St. Patrick’s Day always reminds me of New Year’s, especially when it falls on a weekend. All the amateur drinkers are out, in garb that would be considered racist on any other day, and drink themselves into oblivion, or as I call it, Saturday. Another close relative of St. Patrick’s Day is Cinco de Mayo. It’s not even an American holiday, but we never miss a chance to drink tequila and crappy Mexican beer. Why don’t we celebrate other nationalities the same way? If you were busy filling out your bracket this week, odds are you missed it.
Famous men in bracelets
What’s the latest trend in Hollywood? Getting arrested. This week, Russel Brand turned himself in to authorities after snatching and throwing a photographer’s iPhone. Never to be upstaged, George Clooney got himself arrested protesting outside the Sudanese Embassy in Washington, D.C. I’m just fine with Brand getting thrown in jail, but does anyone really think a jail cell can hold Clooney? No doubt this is part of a larger scheme, haven’t you seen the Ocean’s movies? You fools, he wants you to arrest him!

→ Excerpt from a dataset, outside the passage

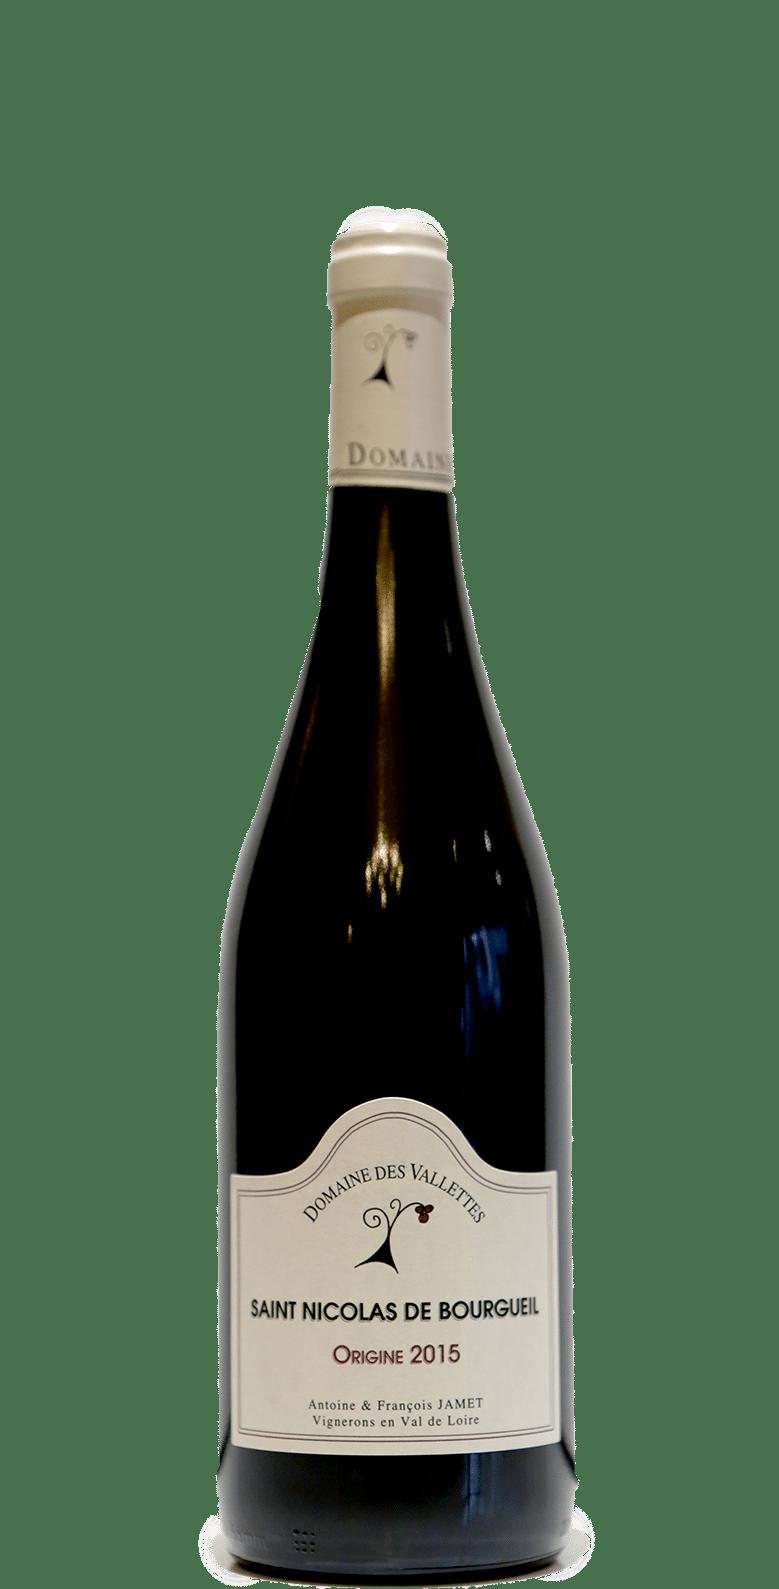 509-saintnicolasdebourgueil

But that’s what the Internet is for
Rick Santorum, defender of the faith and Republican presidential candidate, pledged this week to crack down on the distribution of hardcore pornography if he is elected president. Santorum said that pornography helps spread misogyny. He then talked about how mothers should be encouraged not to join the workforce and women should have a less-significant role in the military, while expressing his opposition to abortion and access to birth control.
Urban jungle
Scientists have discovered a new frog species living on Staten Island in New York. Previously, it had been believed that the amphibians were members of the leopard frog family, but a closer look made the experts reconsider their conclusion, and they now believe it’s a new species altogether living in the polluted New York waters. The first clue was that the frogs have three eyes and smoke Marlboro reds.